There are many sales people out there who will go to great lengths to avoid involving credit control in the sales process – fearing they will shut down a promising deal, for undue worry about their ability to pay.

But stop and think about it.  If a deal is genuinely at risk of going unpaid, is it worth ‘closing’ anyway?  Credit control have no negative agenda, they are simply watchful to ensure credit isn’t overextended and cashflow is reliable.  So, let’s understand their side of the story…

The Credit Control Perspective 

Where credit control can be accused of being too cautious, the inverse can be true of their view of sales.  Credit control departments have to pick up the fallout from sales committing to working with unreliable clients who may struggle to meet invoice payment deadlines.

There’s a popular saying in credit control departments – “It’s not sold until it’s paid for”.  It’s no good winning the biggest deal, if the money can’t be brought in.  Businesses rely on cashflow, and it’s up to the credit control department to ensure that the money is brought in.
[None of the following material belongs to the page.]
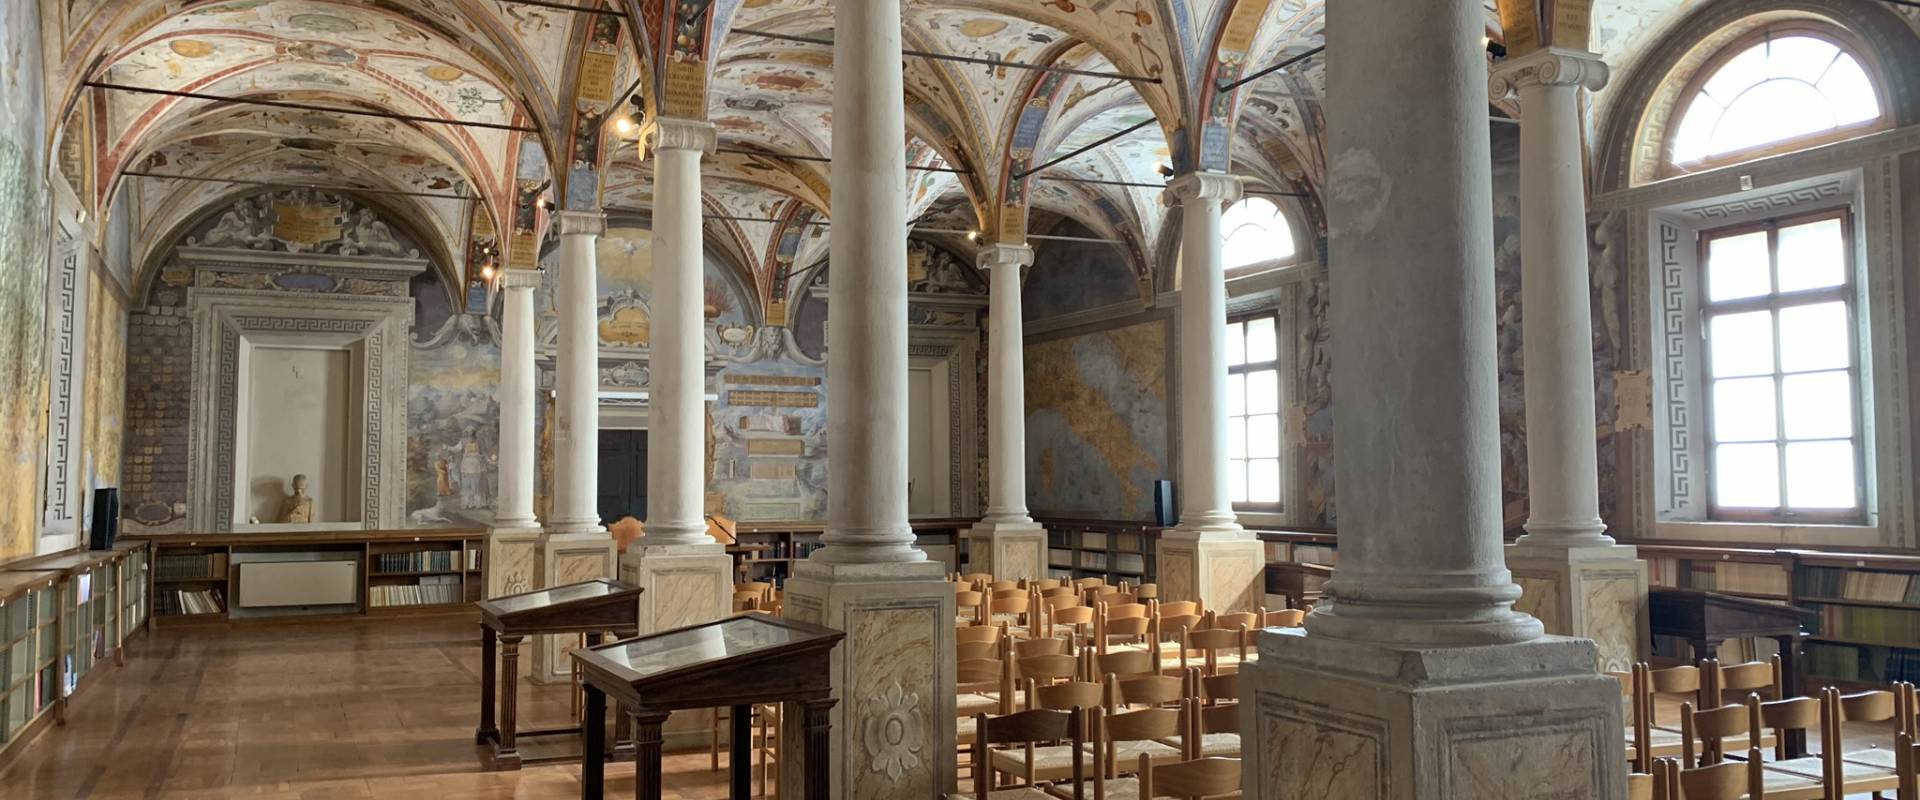 Biblioteca monastica foto di Martina Anelli

Understandably, it only takes a few bad experiences before credit control departments can be heard referring to members of the sales team as ‘sharks’ who will ‘sign anyone up, regardless of the risk’.

We should pause for thought here too, as how many sales people are educated on risk factors for payment, or encouraged to work collaboratively with credit control to ensure deals are landed that stand the best chance of success?

Reconciliation for Success

Reconciling sales and credit control, through better mutual understanding, and communication, is key to addressing any divide.  It’s common for businesses to focus on improving performance by training and educating within the narrow band of each employee’s designated role.  But great value can be achieved by interdepartmental training – particularly between complimentary departments such as sales and credit control.

Encouraging a tighter working relationship between sales and credit control will ultimately enable the business to chase more profitable business

Consider how much less time would be wasted if sales teams filtered out high-risk opportunities, which would be shut down by credit control anyway, before they progressed things too far.  Encouraging a tighter working relationship between sales and credit control will ultimately enable the business to chase more profitable business, more quickly, and ensure greater reliability in cashflow.  Benefits could also be measured in improvements in DSO or delinquency.

Taking the concept of sales and credit control collaboration further still, credit control could proactively furnish sales teams with information about any existing clients who have an uplift in credit-rating.  This would imply that they are growing, or at least present a lower credit risk.  Sales teams could use this insight to drive higher sales volumes with these clients.

Better Tools, Better Working

Tools such as credit information resources can provide inter-departmental value, as mentioned above, but what other tools exist to improve this working relationship?  At Netsend, we find that some of our clients rely on Netsend to provide deep insight into what is being sold where.  In some cases, detail of specific product sales, in specific locations, is only apparent from invoicing records.  Beyond this, our clients use Netsend to identify late-payers and address these, as well as calculating credit risks based in insight not available to credit information resources.

Sales teams can also benefit from knowing when a customer is facing payment reminders, so they can either hold back from trying to grow a troubled account, or even assist in the communication process to bring the cash in more quickly.

Ultimately sales and credit control are two sides of the same process, and both rely on the overall health of the business (i.e. cashflow) being optimal to ensure ongoing security and growth within their departments.  Working more closely together, and sharing data from appropriate tools and services, leads to a more efficient business and better working environment for all.